ABOUT THIS TASK: Using only the entries below, copy exactly the lines that begin at the one with "Ford Mustang Mach" and end at the one with "Lagardo Tackett Ceramic", both included. Drop the pictures.

GIVEN DATA:
□ □ □ □ □
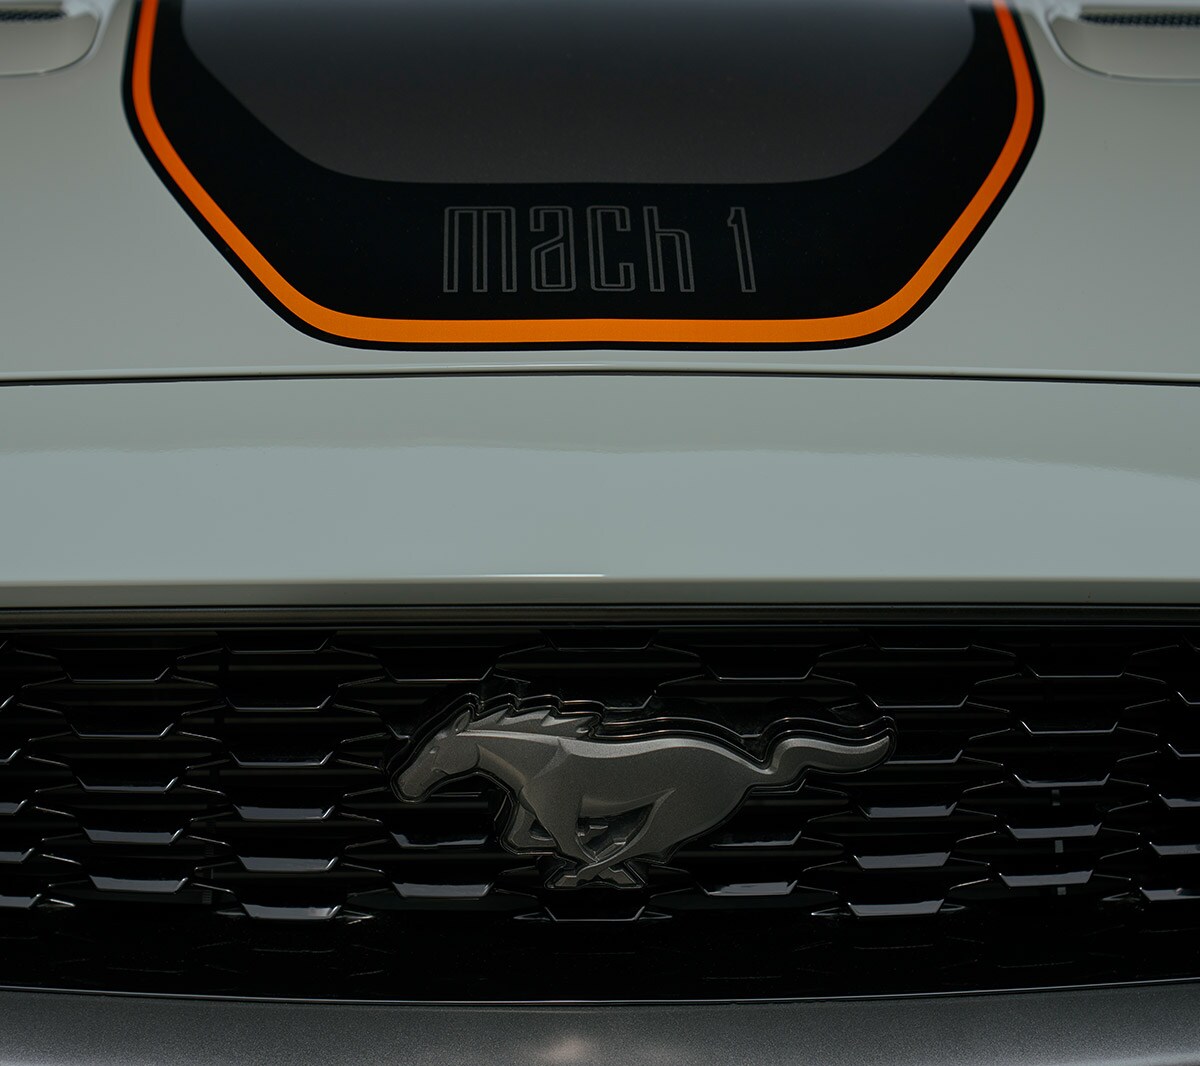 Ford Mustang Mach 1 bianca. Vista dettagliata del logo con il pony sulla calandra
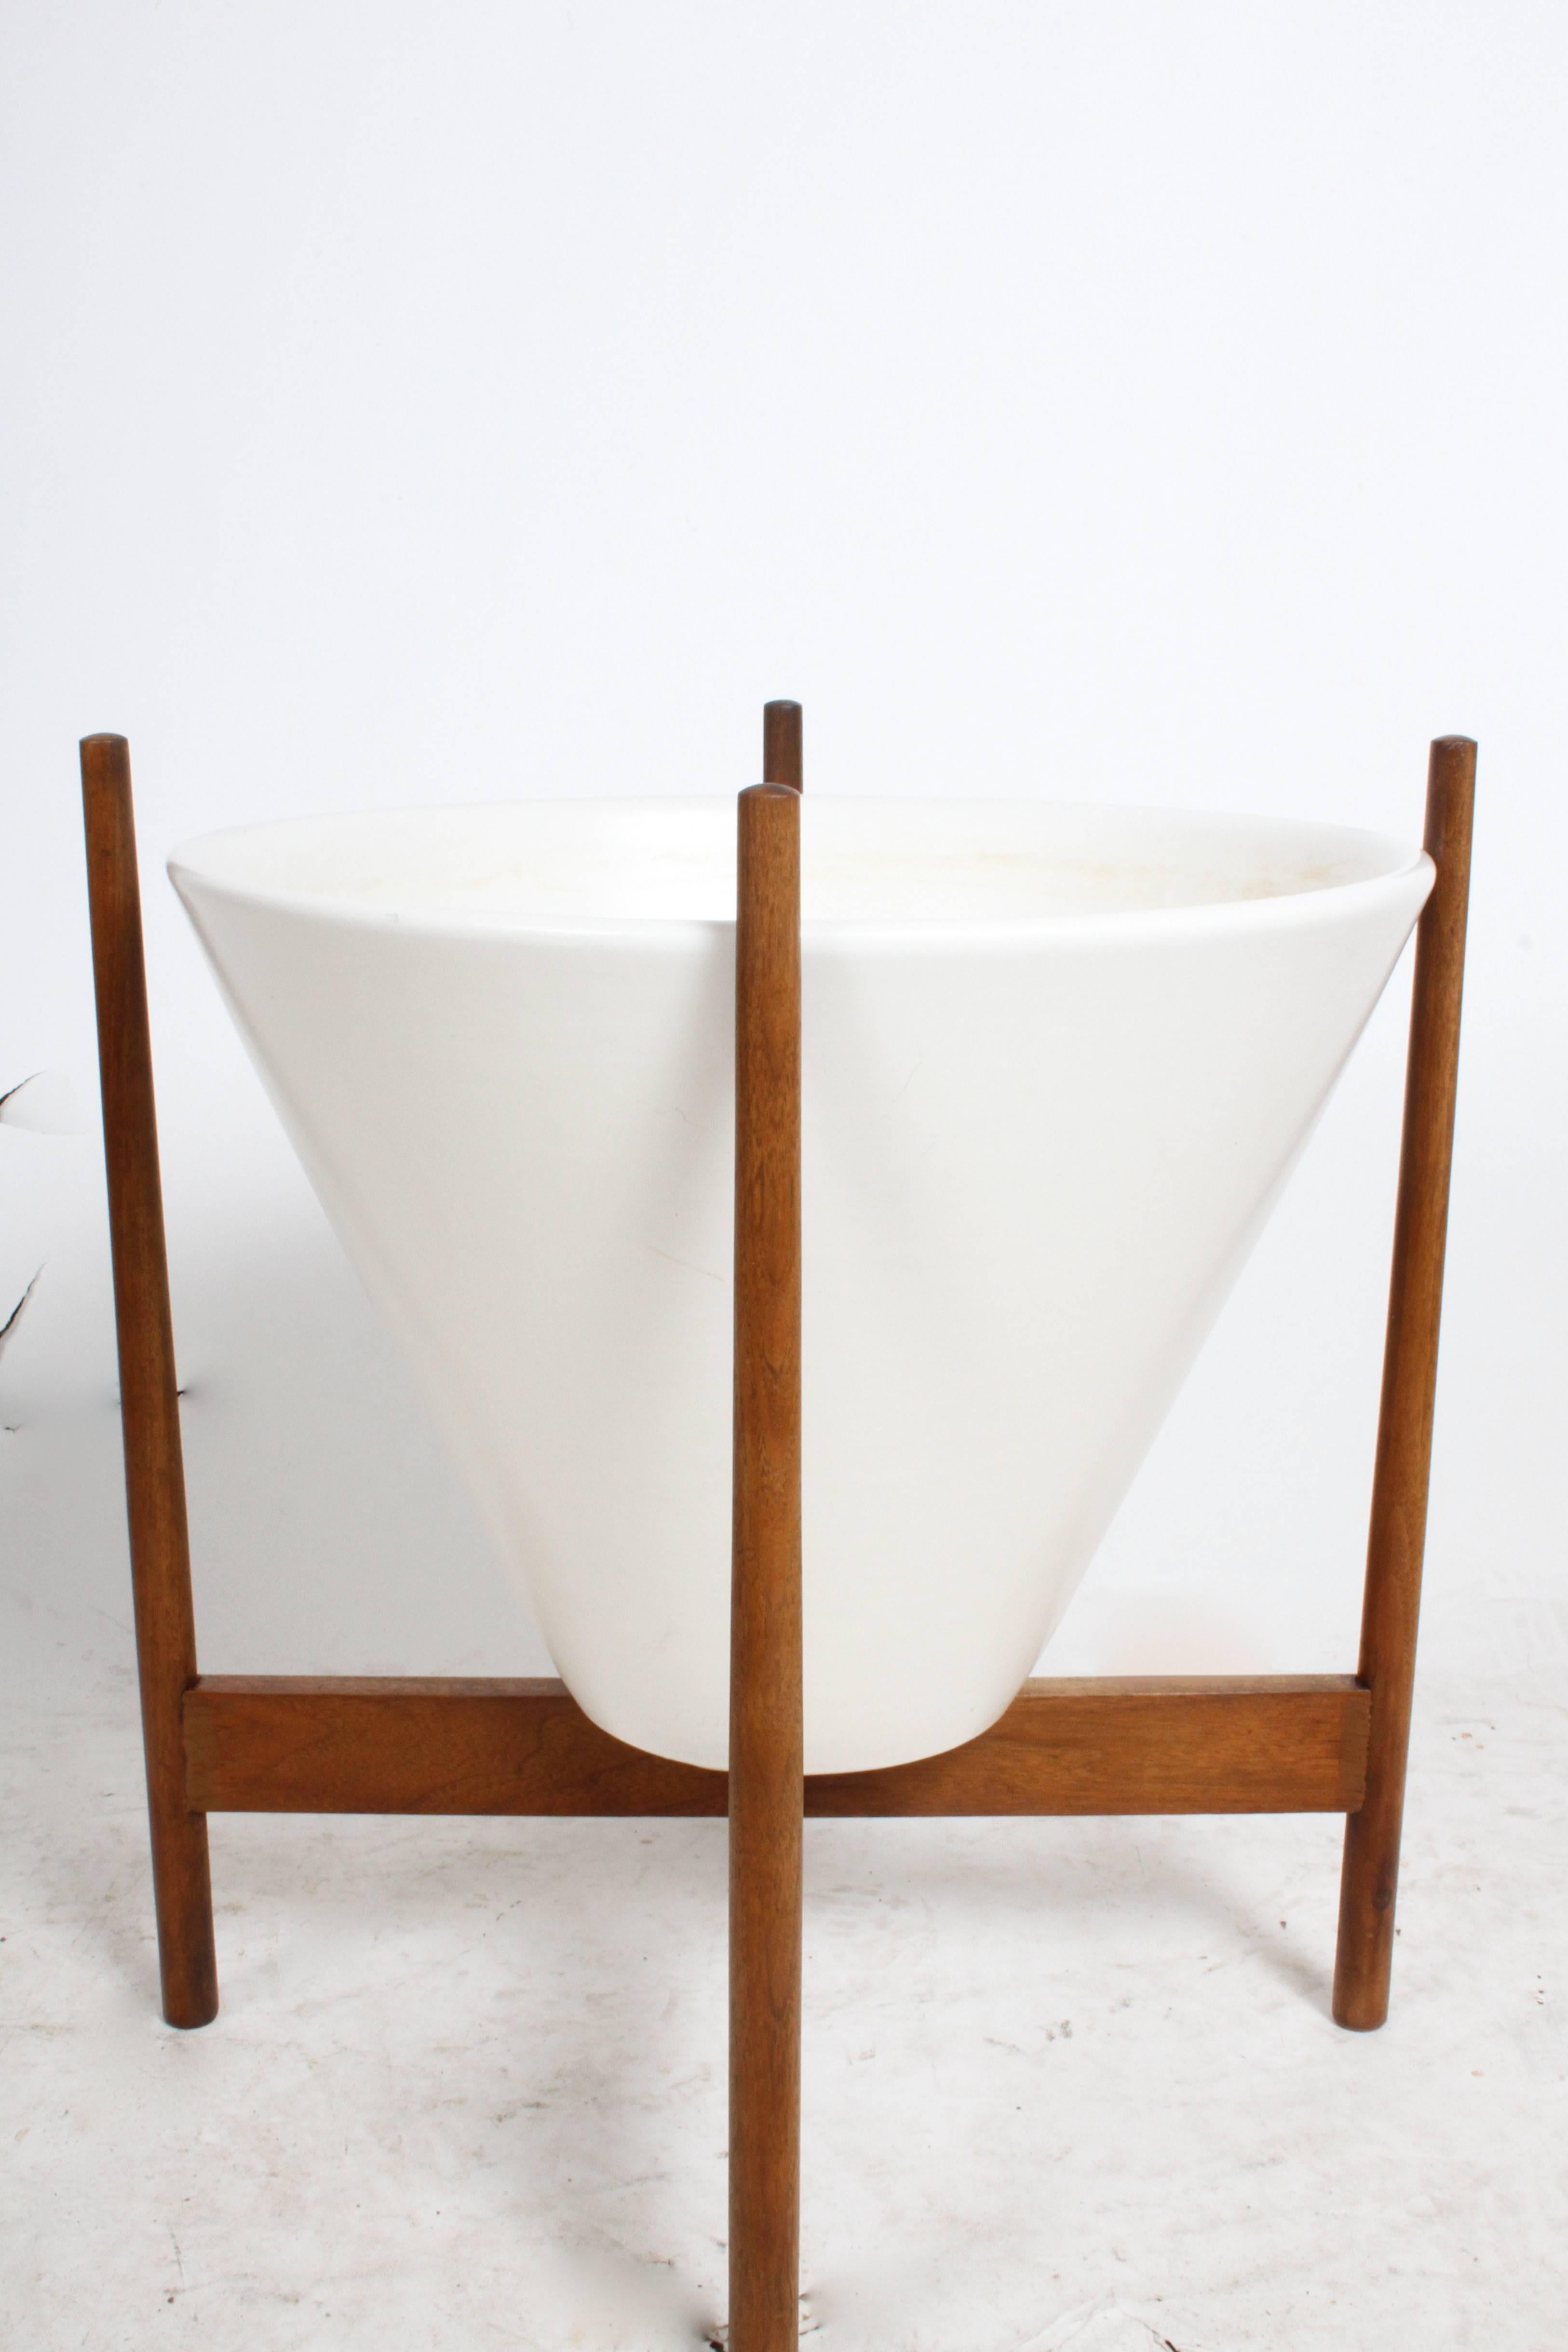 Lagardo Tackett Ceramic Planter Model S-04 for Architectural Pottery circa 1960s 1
□ □ □ □ □
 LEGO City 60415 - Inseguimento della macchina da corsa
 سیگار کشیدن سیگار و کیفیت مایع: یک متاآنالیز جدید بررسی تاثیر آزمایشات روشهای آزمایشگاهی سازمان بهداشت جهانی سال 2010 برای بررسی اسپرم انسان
□ □ □ □ □
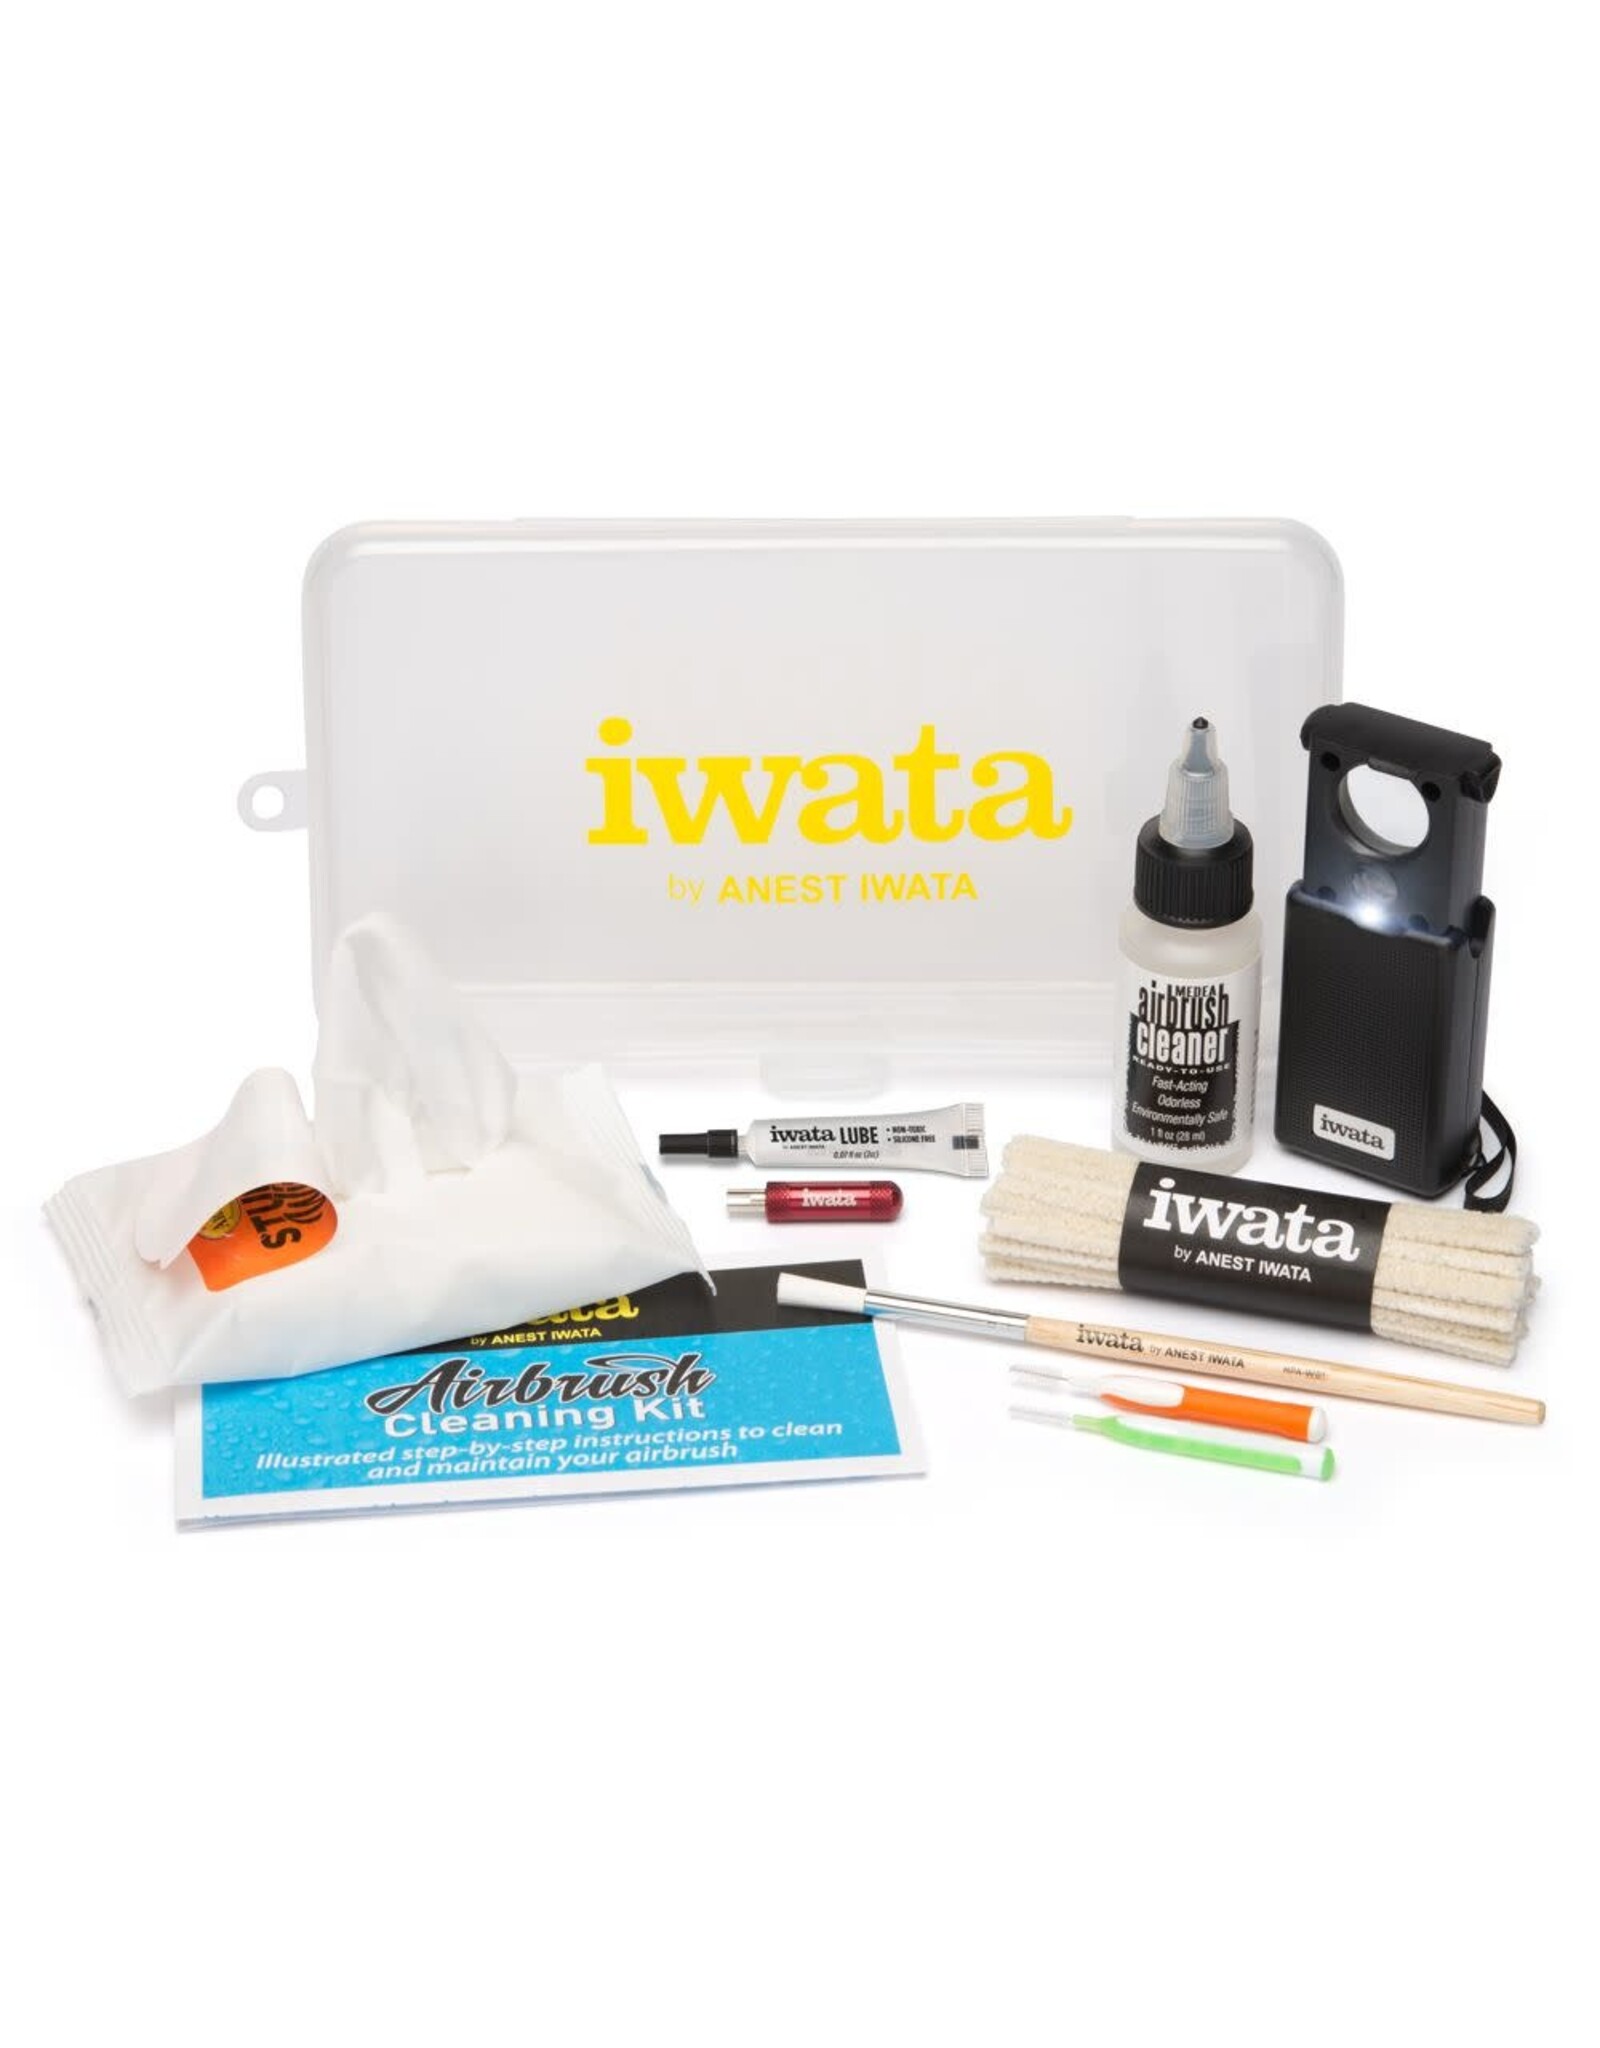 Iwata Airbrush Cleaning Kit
□ □ □ □ □
YOUR SOLUTION:
 Ford Mustang Mach 1 bianca. Vista dettagliata del logo con il pony sulla calandra
 Lagardo Tackett Ceramic Planter Model S-04 for Architectural Pottery circa 1960s 1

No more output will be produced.